Wintering: The Power of Rest and Retreat in Difficult Times
DailyGood
BY KATHERINE MAY
Feb 17, 2021

3 minute read

 

The following passages are excerpted from Wintering: The Power of Rest and Retreat in Difficult Times, by Katherine May, published by Riverhead Books, Nov 2020 

Everybody winters at one time or another; some winter over andWintering, by Katherine May over again.
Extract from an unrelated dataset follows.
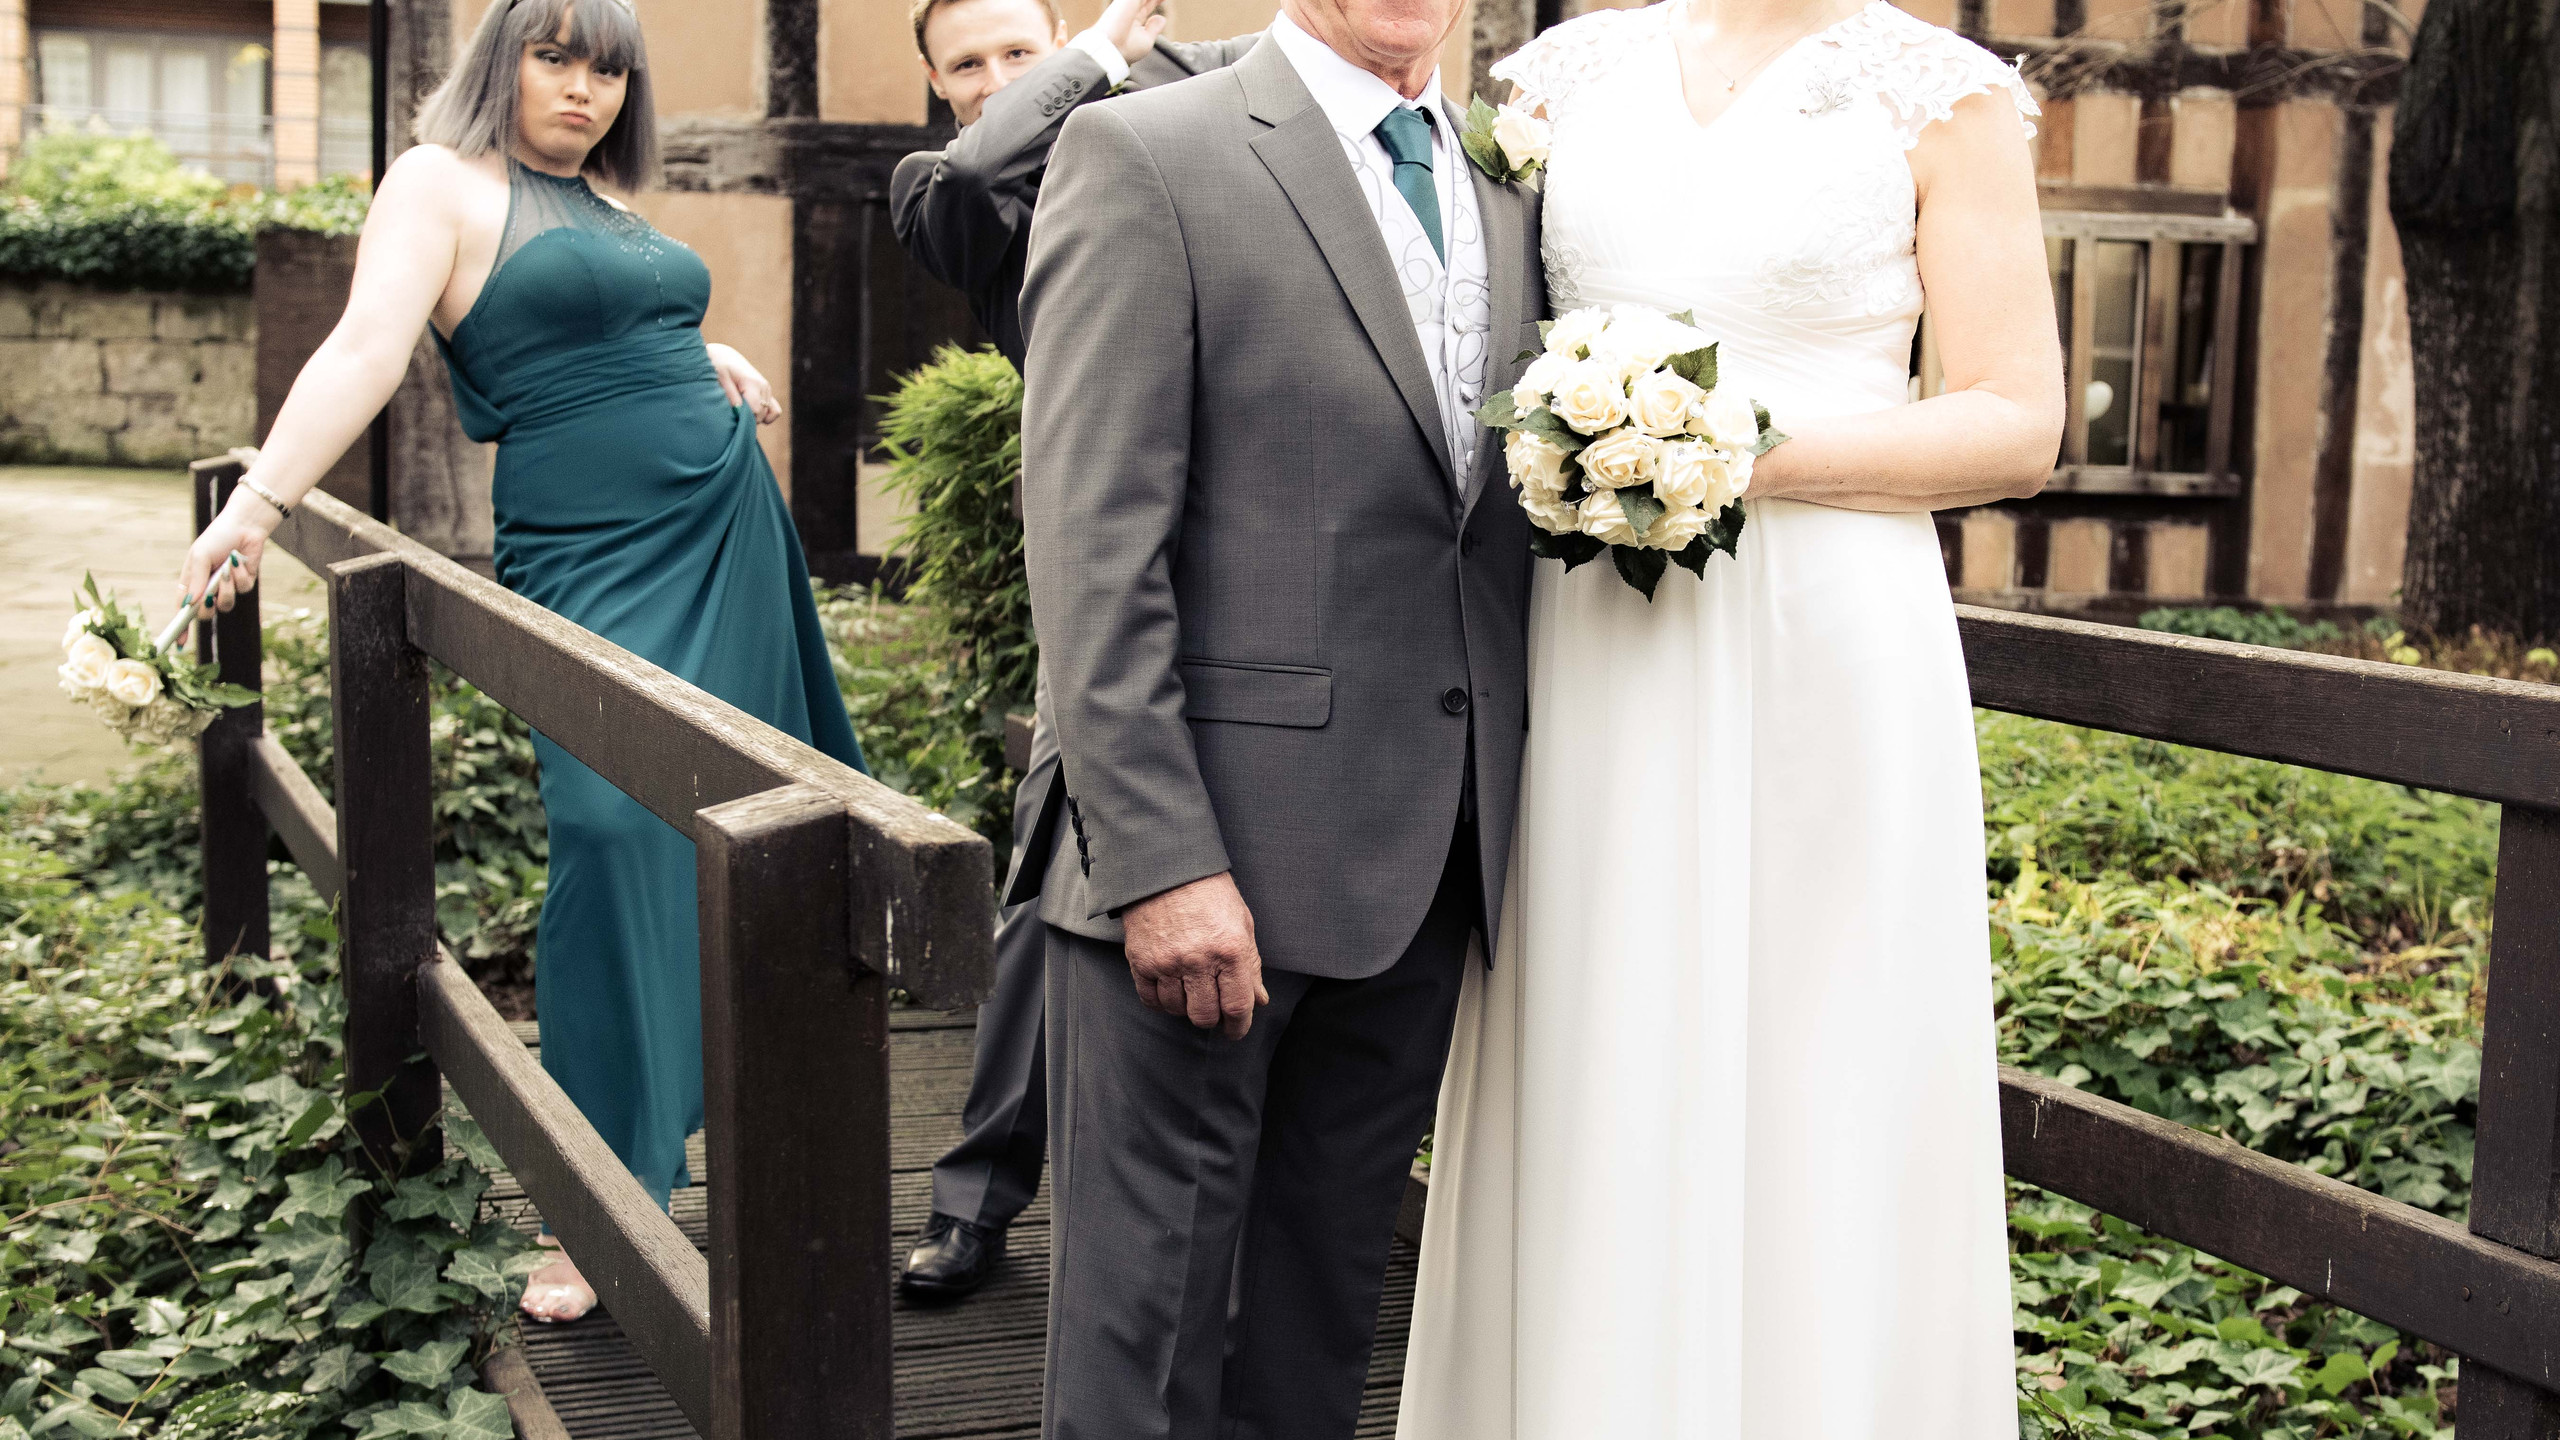 009 Wedding Photography

Wintering is a season in the cold. It is a fallow period in life when you’re cut off from the world, feeing rejected, sidelined, blocked from progress, or cast into the role of an outsider. Perhaps it results from an illness or life event such as bereavement or the birth of a child; perhaps it comes from a humiliation or failure. Perhaps you’re in a period of transition and have temporarily fallen between two worlds. Some winterings creep upon us more slowly, accompanying the protracted death of a relationship, the gradual ratcheting up of responsibilities as our parents age, the drip-drip-drip of lost confidence. Some are appallingly sudden, like discovering one day that your skills are considered obsolete, the company you worked for has gone bankrupt, or our partner is in love with someone new. However it arrives, wintering is usually involuntary, lonely, and deeply painful.
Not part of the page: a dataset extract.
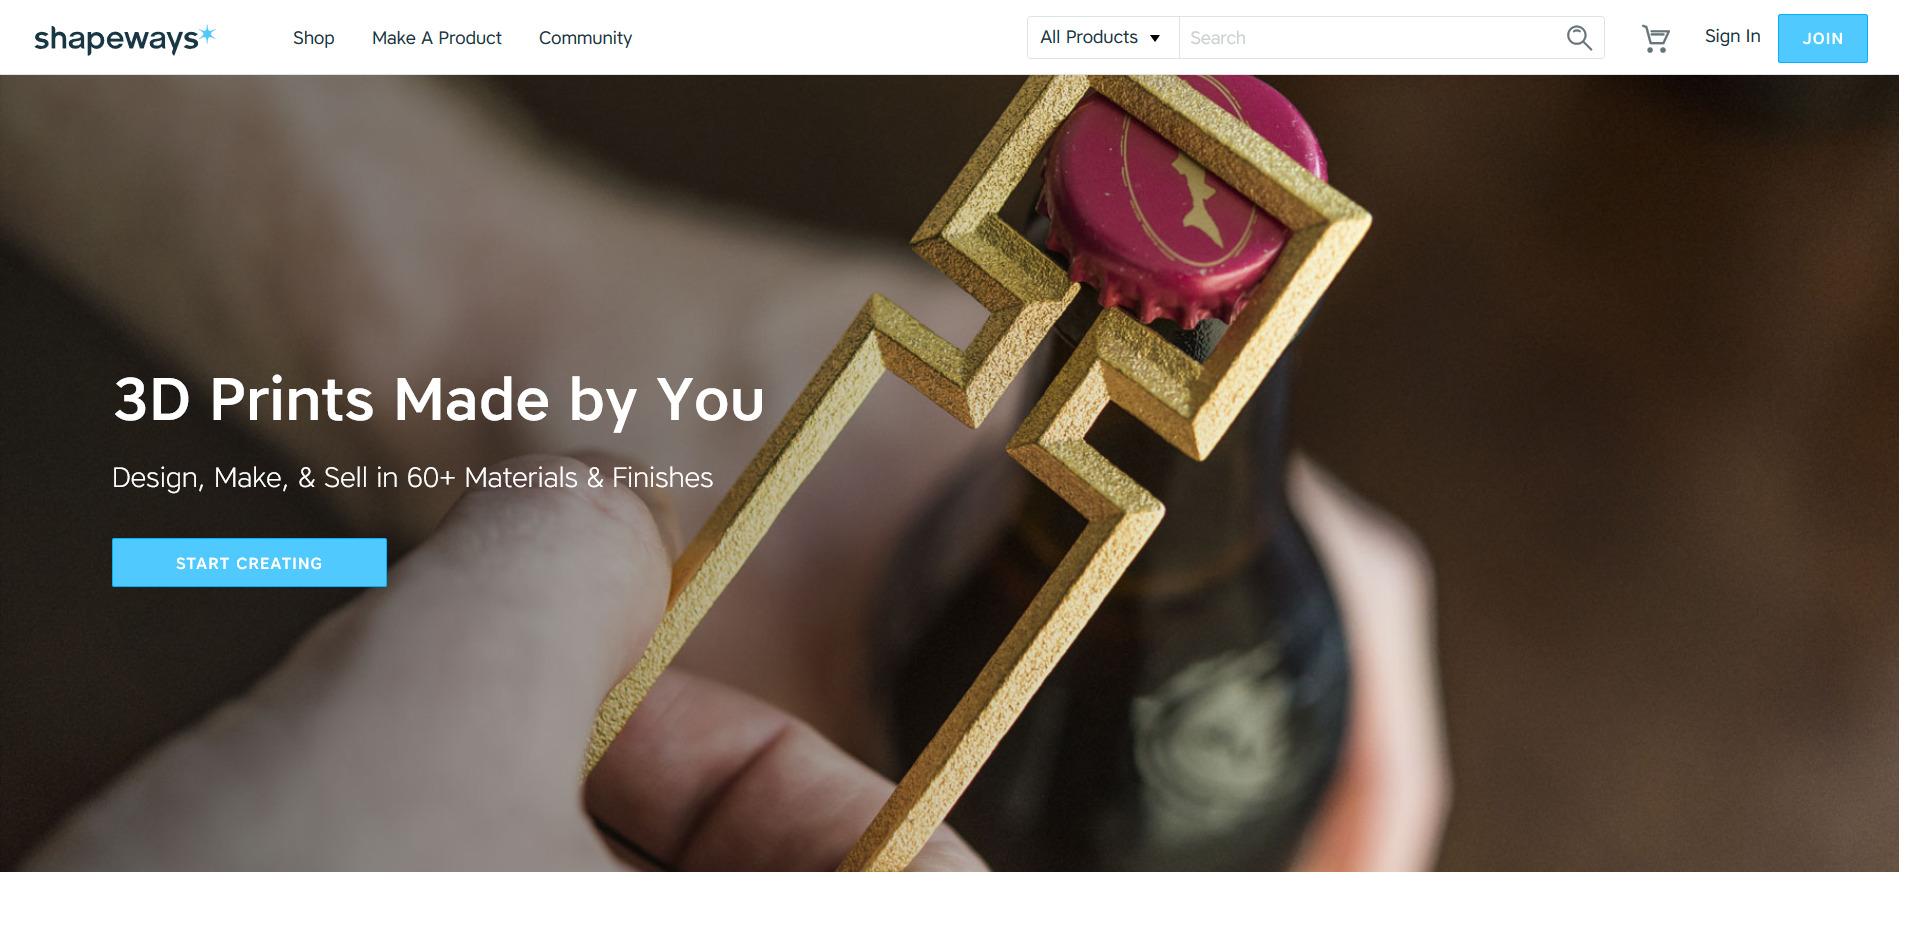 3D drucken lassen auf Shapeways - Startseite des Service

Yet, it’s also inevitable. We like to imagine that it’s possible for life to be one eternal summer and that we have uniquely failed to achieve that for ourselves. We dream of an equatorial habitat, forever close to the sun, an endless, unvarying high season. But life’s not like that. Emotionally, we’re prone to stifling summers and low, dark winters, to sudden drops in temperature, to light and shade. Even if by some extraordinary stroke of self-control and good luck we were able to keep control of our own health and happiness for an entire lifetime, we still couldn’t avoid the winter. Our parents would age and die; our friends would undertake minor acts of betrayal; the machinations of the world would eventually weigh against us. Somewhere along the line, we would screw up. Winter would quietly roll in.

[...]

Plants and animals don’t fight the winter; they don’t pretend it’s not happening and attempt to carry on living the same lives that they lived in the summer. They prepare. They adapt. The perform extra-ordinary acts of metamorphosis to get them through. Winter is the time of withdrawing from the world, maximising scant resources, carrying out acts of brutal efficiency and vanishing from sight; but that’s where the transformation occurs. Winter is not the death of the life cycle, but its crucible.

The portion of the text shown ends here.